> _Data section_:

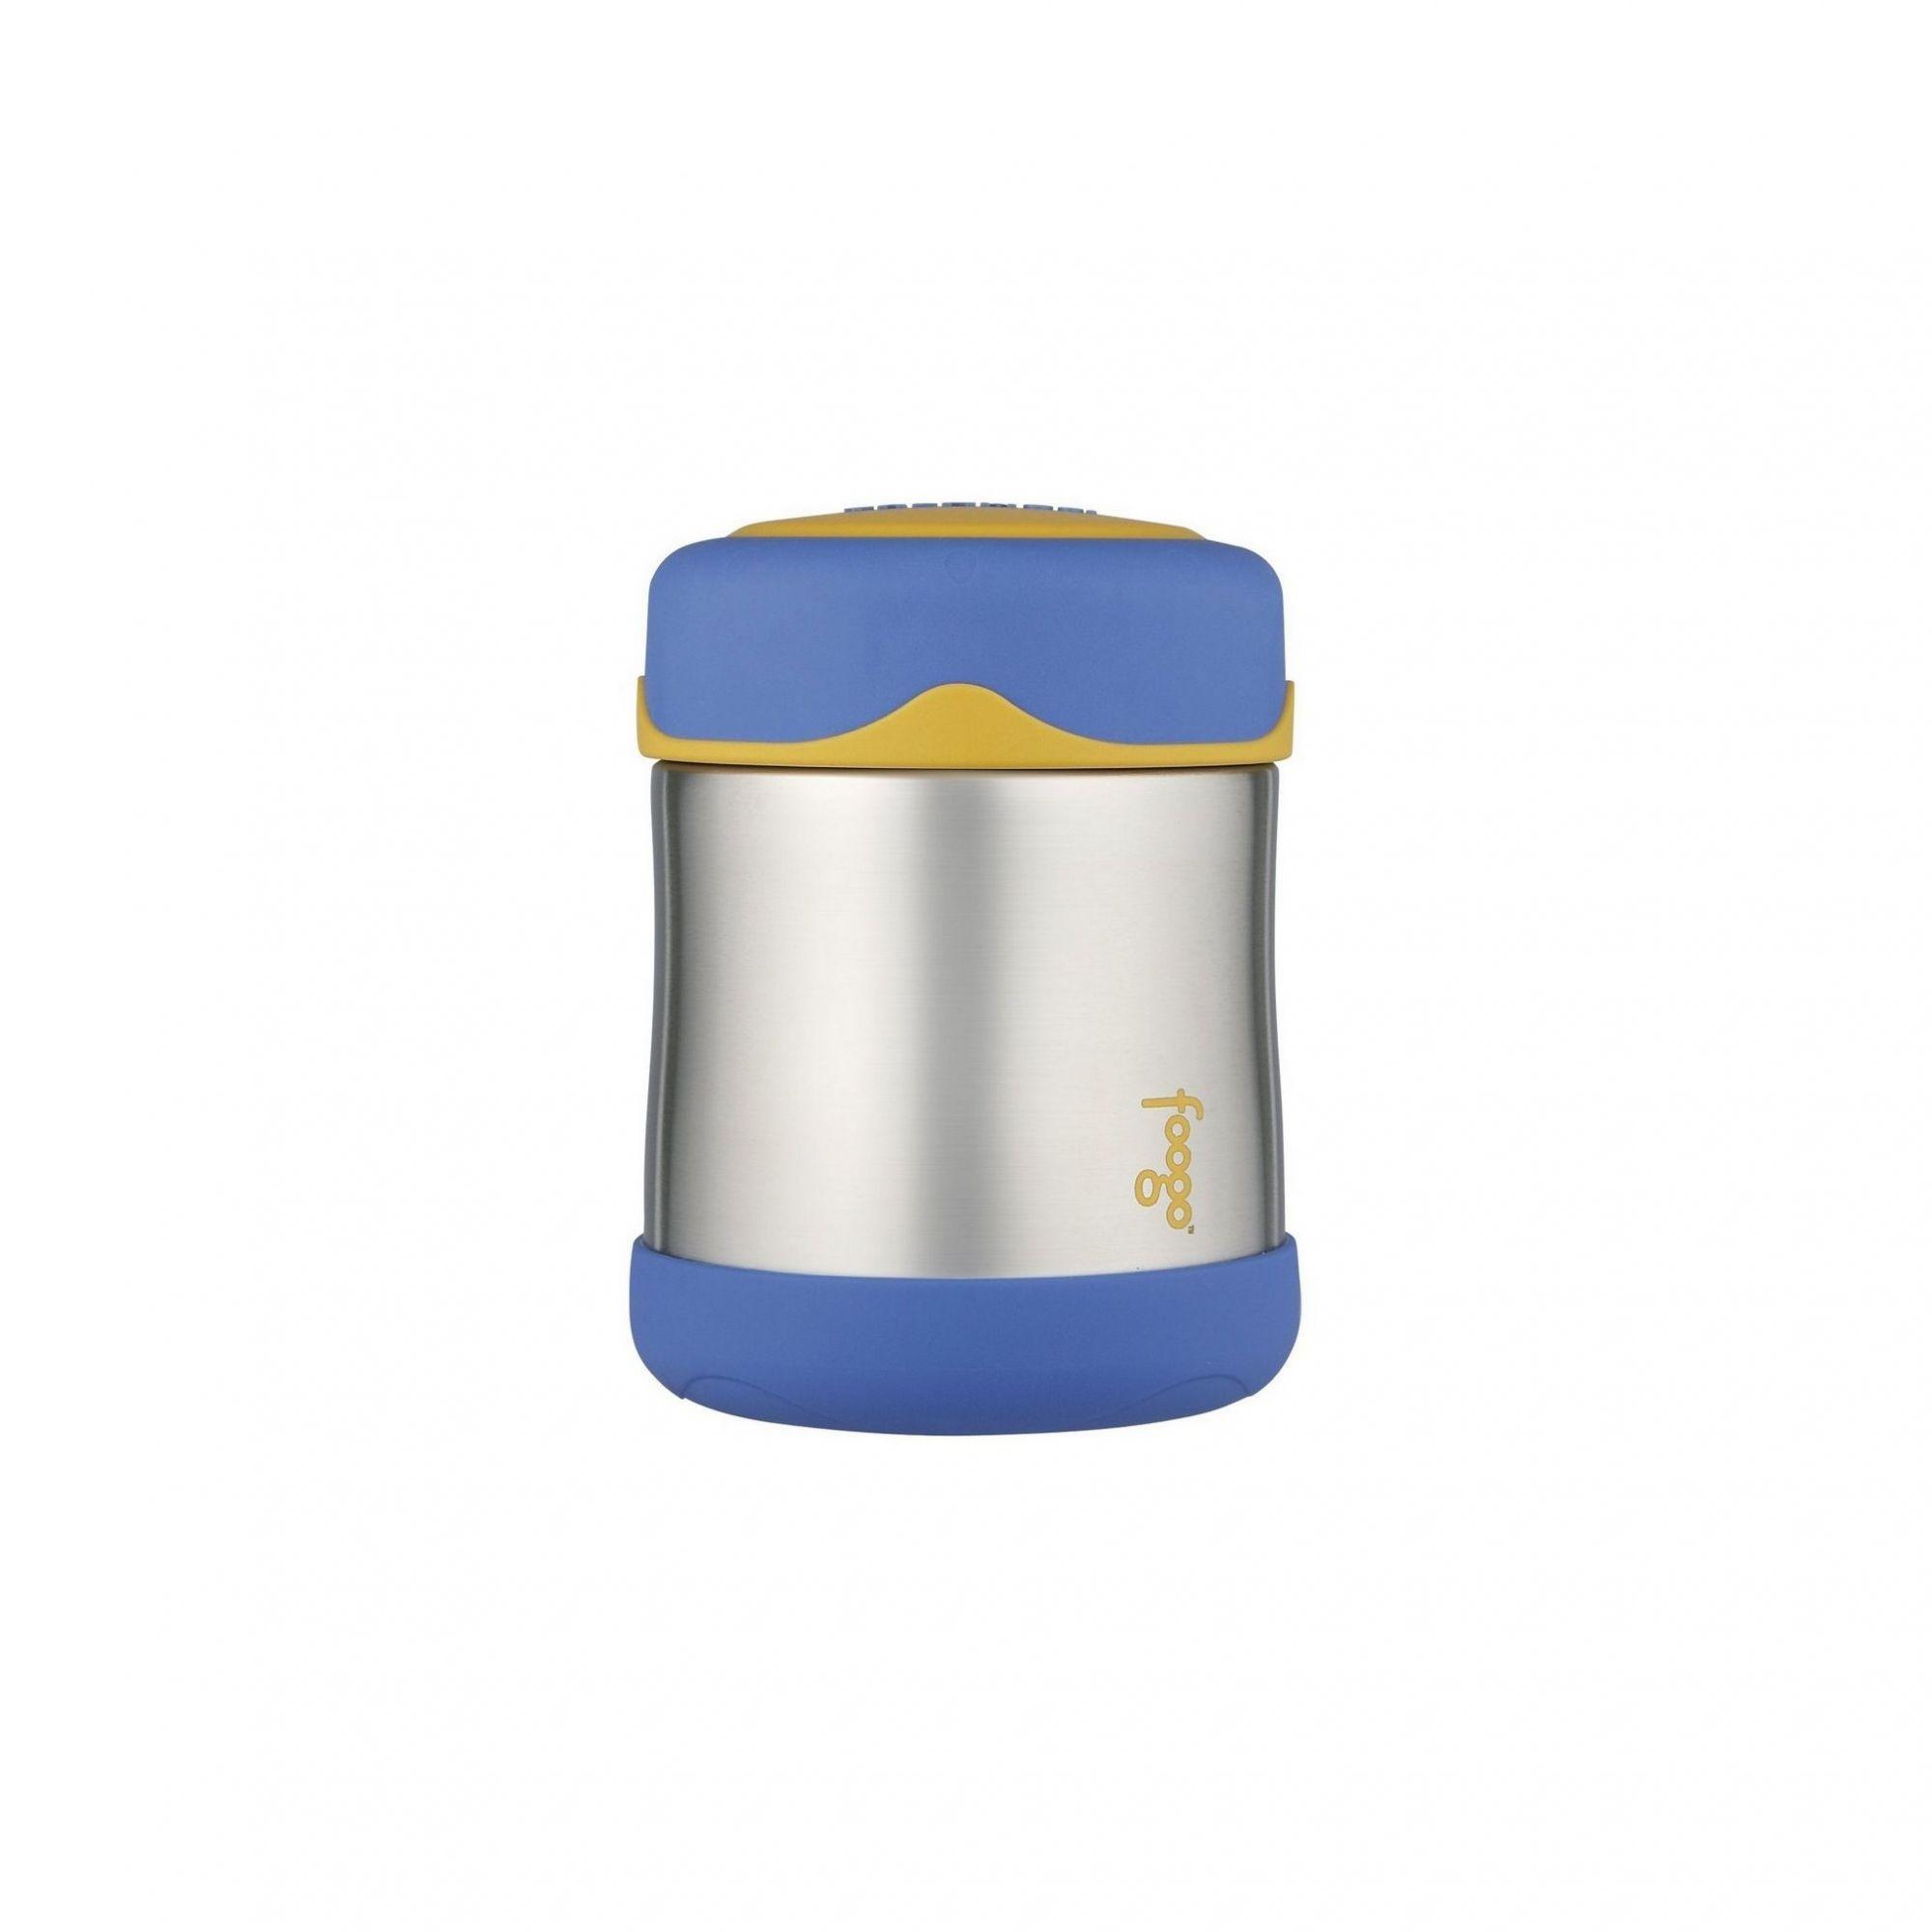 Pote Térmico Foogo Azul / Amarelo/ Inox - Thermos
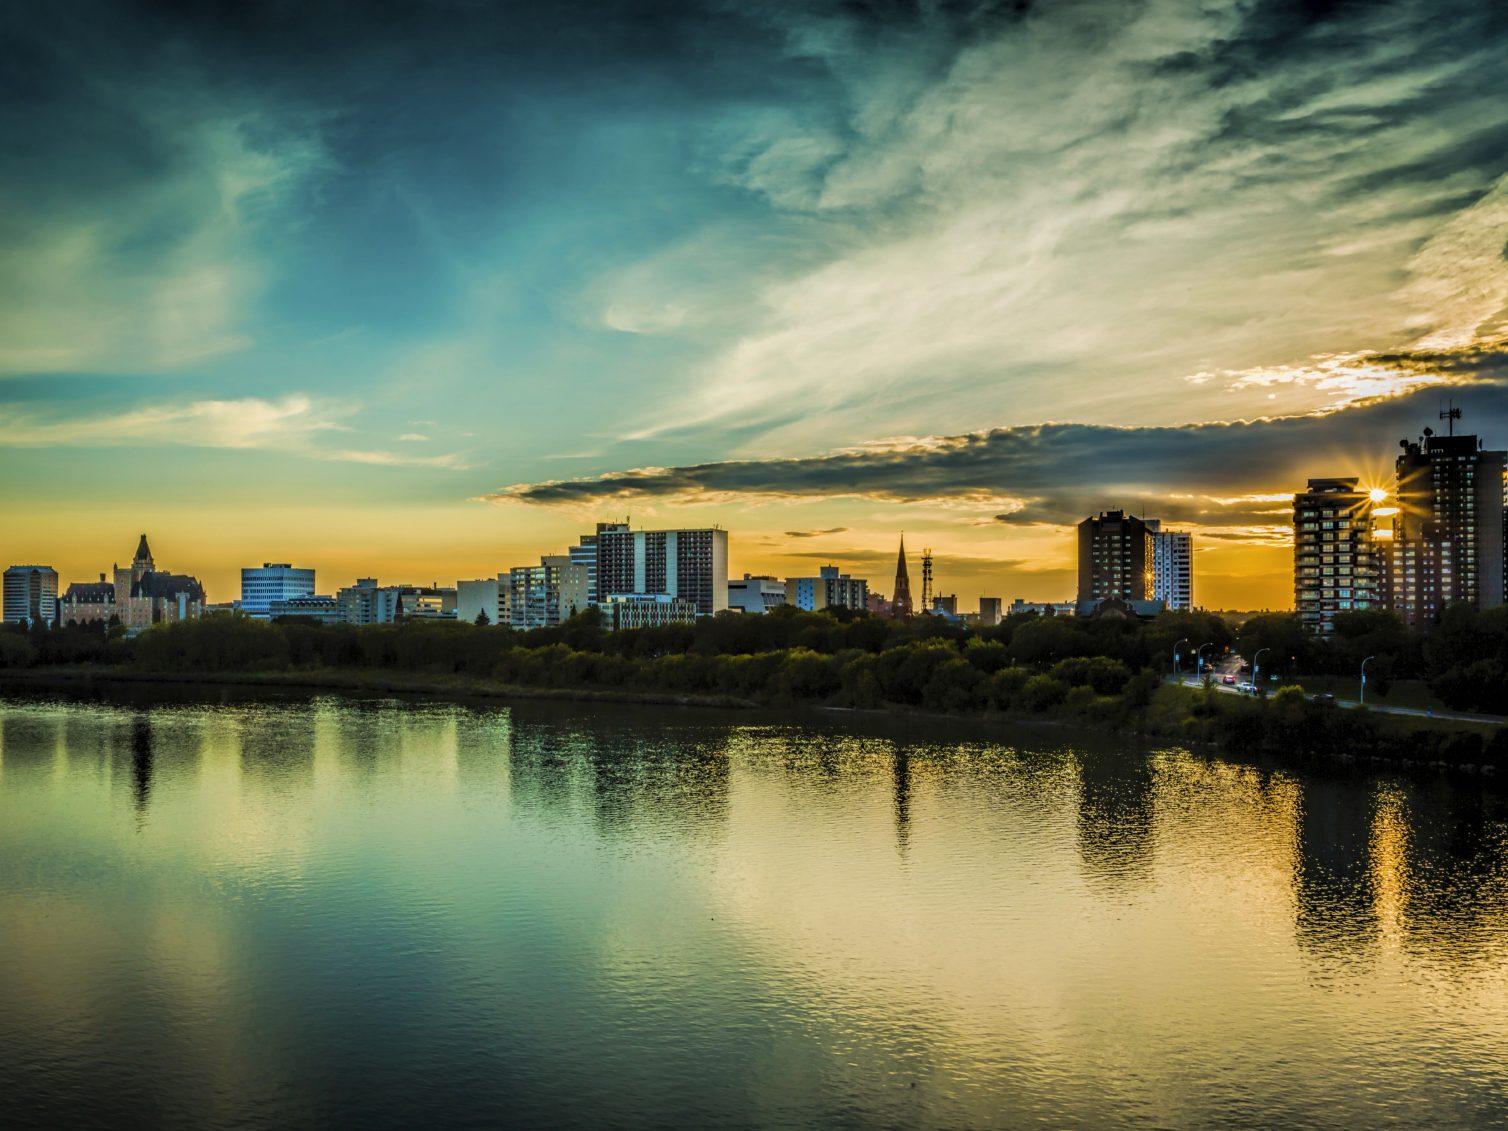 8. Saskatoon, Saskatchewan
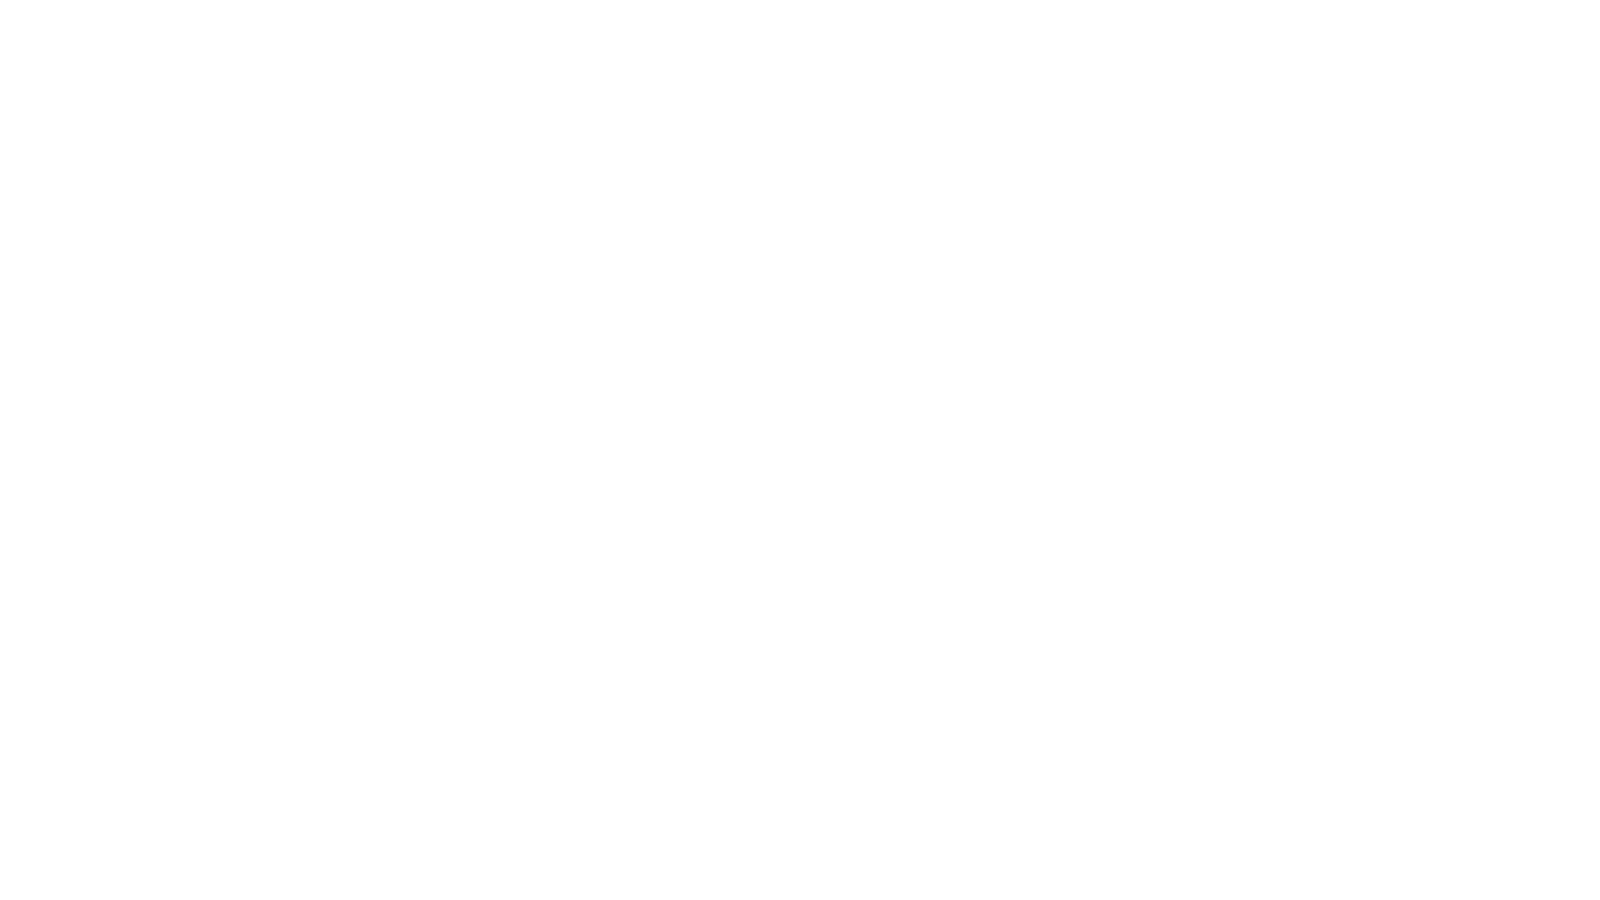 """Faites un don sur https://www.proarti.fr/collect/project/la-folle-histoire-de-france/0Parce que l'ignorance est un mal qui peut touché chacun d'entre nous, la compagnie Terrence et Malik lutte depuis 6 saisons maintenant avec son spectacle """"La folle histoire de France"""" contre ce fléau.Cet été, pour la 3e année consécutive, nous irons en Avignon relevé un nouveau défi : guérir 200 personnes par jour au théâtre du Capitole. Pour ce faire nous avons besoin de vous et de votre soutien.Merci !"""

> _Task brief_:
Your copy should run from the line that has "8. Saskatoon, Saskatchewan" through the last line above, exactly, with both ends in and pictures out.

> _Task result_:
 8. Saskatoon, Saskatchewan
 """Faites un don sur https://www.proarti.fr/collect/project/la-folle-histoire-de-france/0Parce que l'ignorance est un mal qui peut touché chacun d'entre nous, la compagnie Terrence et Malik lutte depuis 6 saisons maintenant avec son spectacle """"La folle histoire de France"""" contre ce fléau.Cet été, pour la 3e année consécutive, nous irons en Avignon relevé un nouveau défi : guérir 200 personnes par jour au théâtre du Capitole. Pour ce faire nous avons besoin de vous et de votre soutien.Merci !"""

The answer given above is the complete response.